You can use an AlbConfig to create an ALB multi-cluster gateway from the ACK One Fleet instance. You can associate clusters with the gateway.

Obtain the IDs of two vSwitches that belong to the VPC where the ACK One Fleet instance resides.

Create a file named gateway.yaml and copy the following content to the file.

Note

Replace ${vsw-id1} and ${vsw-id2} with the vSwitch IDs obtained from the preceding step, and replace ${cluster1} and ${cluster2} with the IDs of the associated clusters you want to add.
For associated clusters ${cluster1} and ${cluster2}, you must configure the inbound rules of their security group to allow access from all IP addresses and ports of the vSwitch CIDR block.

apiVersion: alibabacloud.com/v1
kind: AlbConfig
metadata:
  name: ackone-gateway-demo
  annotations:
    # Specify the IDs of the clusters that you want to associate with the ALB instance. 
    alb.ingress.kubernetes.io/remote-clusters: ${cluster1},${cluster2}
spec:
  config:
    name: one-alb-demo
    addressType: Internet
    addressAllocatedMode: Fixed
    zoneMappings:
    - vSwitchId: ${vsw-id1}
    - vSwitchId: ${vsw-id2}
  listeners:
  - port: 8001
    protocol: HTTP
---
apiVersion: networking.k8s.io/v1
kind: IngressClass
metadata:
  name: alb
spec:
  controller: ingress.k8s.alibabacloud/alb
  parameters:
    apiGroup: alibabacloud.com
    kind: AlbConfig
    name: ackone-gateway-demo

You need to configure the following parameters.

Parameter	Required	Description
`metadata.name`	Yes	The name of the AlbConfig.
`metadata.annotations:` `alb.ingress.kubernetes.io/remote-clusters`	Yes	The list of associated clusters to be added to the ALB multi-cluster gateway. The cluster IDs listed here have been associated with the Fleet instance.
`spec.config.name`	No	The name of the ALB instance.
`spec.config.addressType`	No	The network type of the ALB instance. Valid values: Internet (default): Public network. The ALB instance provides services to the Internet and is accessible over the Internet. Note To allow an ALB instance to provide Internet-facing services, the ALB instance needs to be associated with an elastic IP address (EIP). If you use an Internet-facing ALB instance, you are charged instance fees and bandwidth or data transfer fees for the associated EIPs. For more information, see Pay-as-you-go. Intranet: Private network. The ALB instance provides services within a VPC and cannot be accessed over the Internet.
`spec.config.zoneMappings`	Yes	The IDs of the vSwitches that are associated with the ALB instance.
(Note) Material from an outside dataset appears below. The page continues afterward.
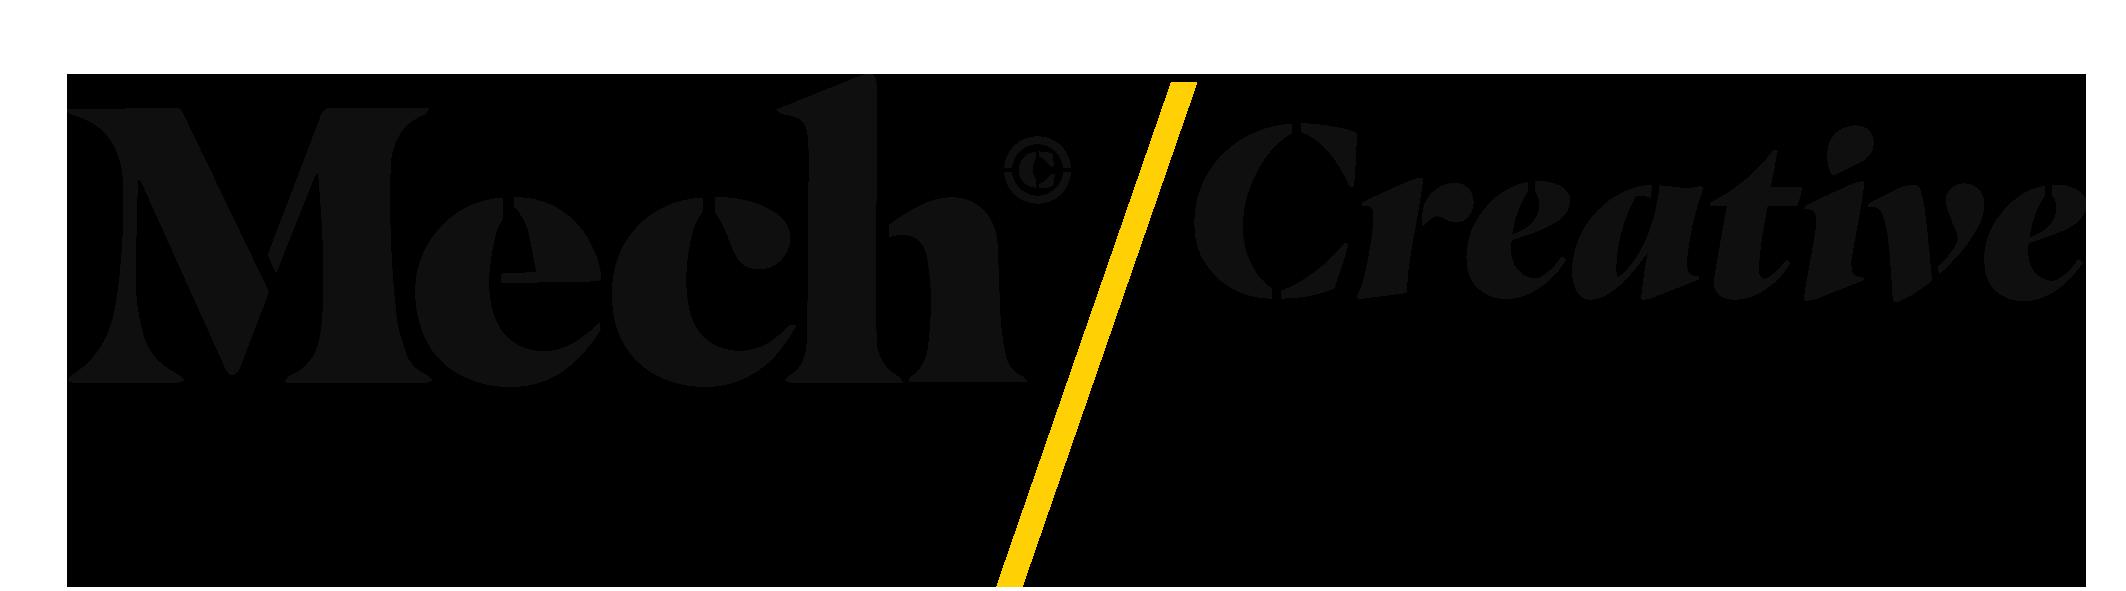 Mech_Creative (2).png

For more information about how to create a vSwitch, see Create and manage a vSwitch. Note The specified vSwitches must be deployed in the zones supported by the ALB instance and deployed in the same VPC as the cluster. For more information about regions and zones supported by ALB, refer to Regions and zones in which ALB is available. ALB supports multi-zone deployment. If the current region supports two or more zones, select vSwitches in at least two zones to ensure high availability.
`spec.listeners`	No	The listener port and protocol of the ALB instance. The example provided in this topic configures an HTTP listener on port 8001. A listener defines how ALB receives traffic. We recommend that you retain the listener configuration. Otherwise, you must create a listener before you can use ALB Ingresses.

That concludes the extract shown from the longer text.